If you haven't already joined the streaming revolution, it's a great time to get started. Not only is there more content than ever online, but the latest streaming players make it easier than ever to find what you want to watch and play it on the big screen. Here are the best ways to watch.

The Easiest Way to Stream: Use the gadgets you already have

There's a good chance you already have a streaming media player at home, even if you aren't using it. If you don't want to spend a dime to start streaming, here are some gadgets to check:

  • Almost all new TVs and Blu-ray players have smart features that let you stream from a variety of services, though what's available will vary.
  • Current generation game consoles like the PlayStation 4 and Xbox One may not offer as many streaming options as a smart TV, but usually, support major streaming services.

You can expect to get basic streaming abilities from any of these services: Netflix, Hulu, YouTube, Amazon Video, and sometimes even iTunes. You'll often find a few premium channels, too, like HBO or Showtime. Does your gadget have the channels you want to watch? Then you're good to go!

Working with the tech you have is the easiest (and cheapest) way of getting Netflix in your living room, but it's not usually the best way. Though these gadgets work as streaming media players, none of them were designed specifically for it. Their interfaces can be clunky, and the manufacturer may not be interested in updating them as new streaming services emerge.

If you upgrade to a standalone streaming media player, you can expect a better interface, more user-friendly search options and access to more streaming services. There's very little to do to set up a streaming media player — mostly you just have to plug them in — and they're affordable, starting at just $30.

If you often find yourself on the sofa watching Netflix, it's worth spending a little extra on a dedicated streaming media player for the best viewing experience.

Best for Watching Almost Everything: Roku

Roku Streaming Stick+

Roku's streaming media players are our hands-down favorites. If you want the most content, you want Roku. You'll find more content options here than on any other streaming device — you have access to thousands of channels, including practically every major streaming service and cable network. You can check their channel guide for a full list, where you should expect to find anything you might want to watch. The only thing you won't find on Roku is iTunes content, which is only available on Apple TV.

We think Roku's interface is one of the easiest to use. It uses a universal search to help you find what you want whether it's on Netflix, Hulu, or somewhere else entirely — just search Roku will tell you where to watch it. It's a feature you'll find in most streaming media players, but it particularly shines on Roku because of its vast library of content.

And because no one wants to type out searches using a remote control, Roku has its own voice controls. You can search using the Roku mobile app or Roku voice remote (which is included with some Roku models). With just the tap of a button, you can ask for specific movies, actors, directors, genres or channels, or play, pause and rewind what you're watching. However, these commands only work via Roku itself or Google Assistant — you can't control it with Alexa or Siri. It's still a great player, but it may not integrate perfectly with your smart home.

If you're shopping for a Roku, there are several options to choose from:

For HD streaming: Roku Express ($30 on Roku.com, check price on Amazon)

If you don't have a 4K television, the Roku Express offers everything you need to stream in 1080p resolution.

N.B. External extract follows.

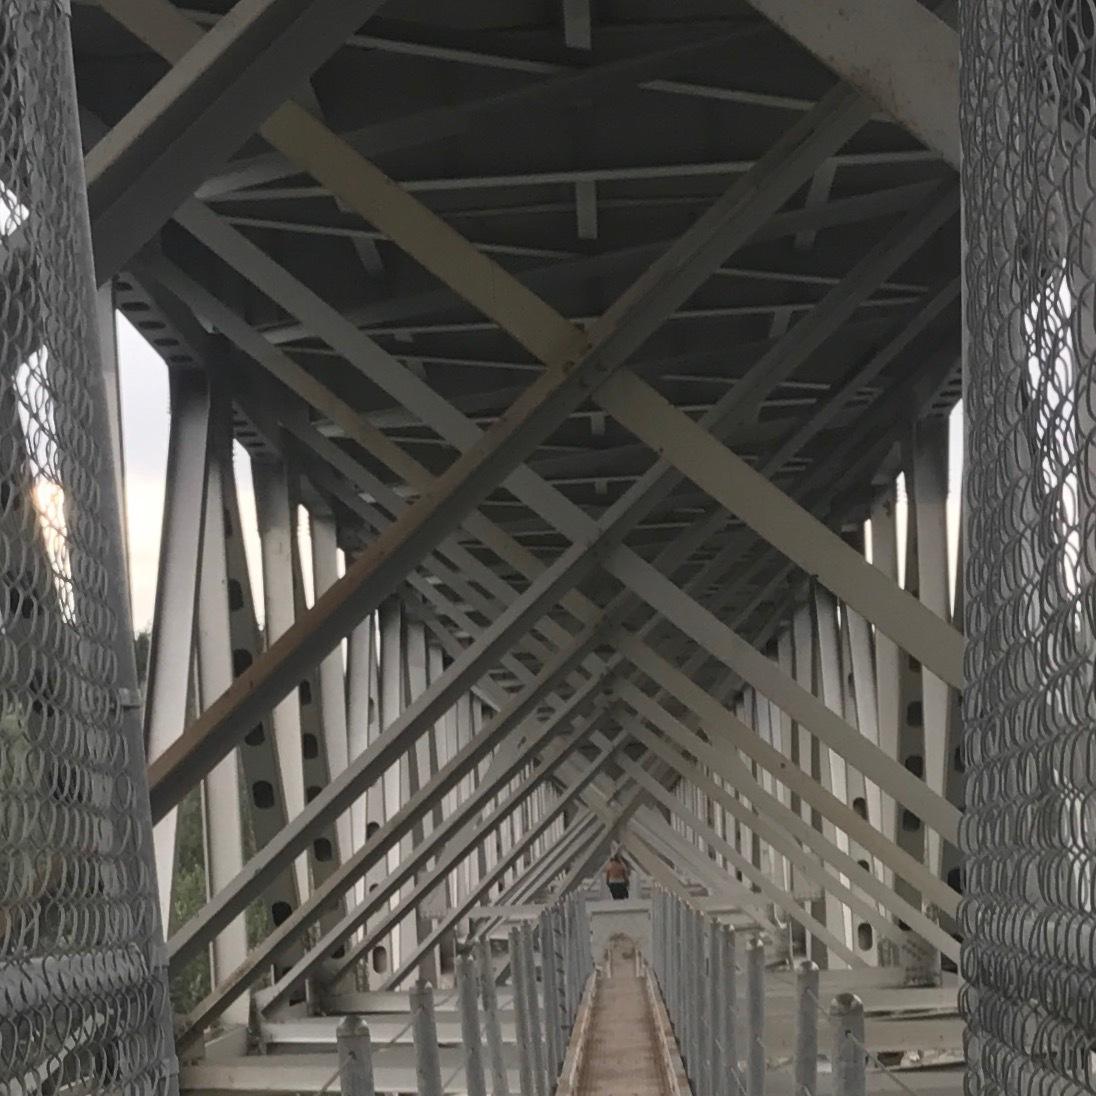 Healy Bridge
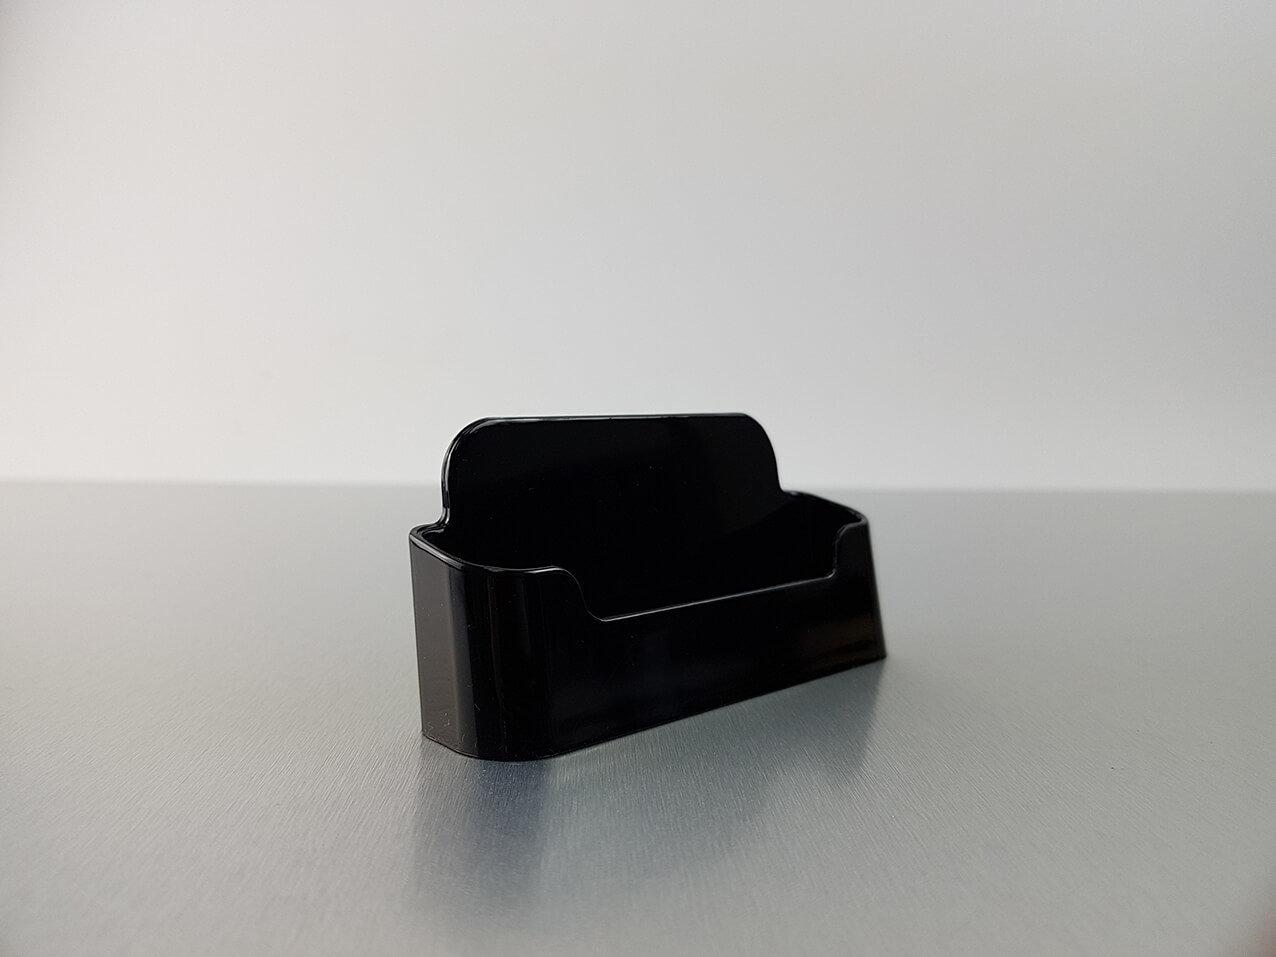 522-Acrylbox-schwarz-1213-Visitenkarten

It comes with a basic remote, but no other extras. If you're looking for something a bit more portable, the Streaming Stick (on sale for $30 on Roku.com, check price on Amazon) is a smaller 1080p streamer that plugs directly into your television's HDMI port. It's a good option if you want to move your Roku from place to place and it comes with a voice remote.

For older TVs: Roku Express+ ($35 on Roku.com)

The Express+ offers HD streaming for older televisions without HDMI ports. Like the Express, this model comes with a basic remote and no other extras — but it's one of the only ways to add streaming to older TVs.

For 4K streaming: Roku Streaming Stick+ ($60 on Roku.com, check price on Amazon)

This is your budget option if you're looking for 4K HDR support (though Amazon's Fire TV Stick 4K is slightly cheaper at $50). An advanced wireless router also gives it better wireless performance than other Roku models, which is great if your television is some distance from your home wireless router.

For private listening: Roku Ultra ($100 on Roku.com, check price on Amazon)

Though it's a price jump from the Streaming Stick+, the Ultra offers one feature that will be indispensable to certain households: you can plug headphones (included) into the remote to watch without disturbing anyone else in the household. That can be particularly handy for families, letting one person watch TV without disturbing a sleeping spouse or child.

Best for Apple users: Apple TV

 Apple TV 4K

The Apple TV is the priciest player on this list, running from $150 to $200 depending on the model you want. But despite the expense, it’s a good option for Apple users because it easily integrates with other Apple products. You can cast from your iPhone, iPad or Mac directly to the Apple TV with just a couple of taps, and your iPhone can work as a remote or keyboard without any additional software. Plus it can serve as a HomeKit hub, making it an easy addition to an Apple-powered smart home. These are all small conveniences, but they add up to a lot for Apple owners.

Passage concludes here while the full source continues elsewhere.